### Exercise objective
Where the line with "Rubbermaid Easy Find" appears below, start writing out lines exactly, and finish with the line with "How To Design", which is included; write out nothing else.

### Entries supplied
───

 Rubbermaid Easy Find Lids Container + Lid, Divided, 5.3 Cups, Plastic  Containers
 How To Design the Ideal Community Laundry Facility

───

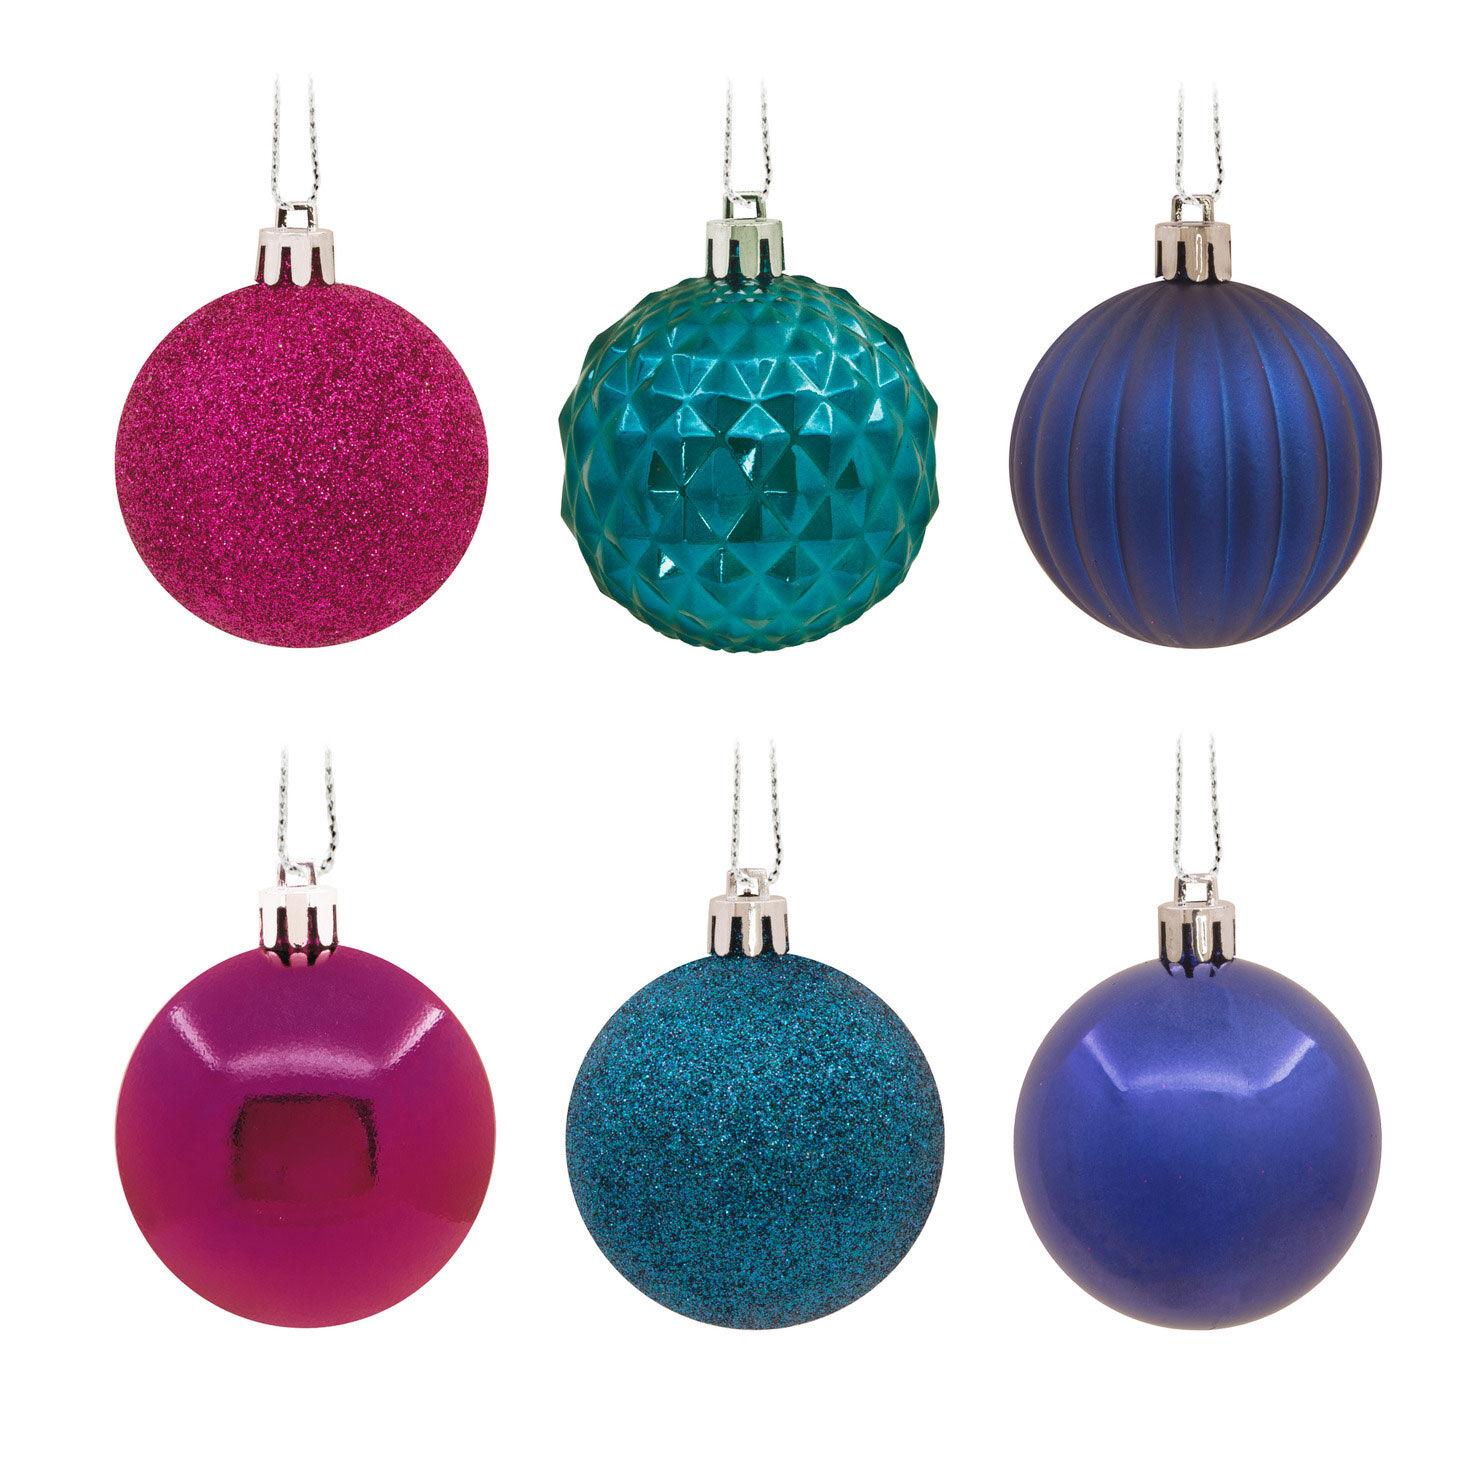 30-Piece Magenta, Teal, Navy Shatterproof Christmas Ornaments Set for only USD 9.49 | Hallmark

───

### Task result
 Rubbermaid Easy Find Lids Container + Lid, Divided, 5.3 Cups, Plastic  Containers
 How To Design the Ideal Community Laundry Facility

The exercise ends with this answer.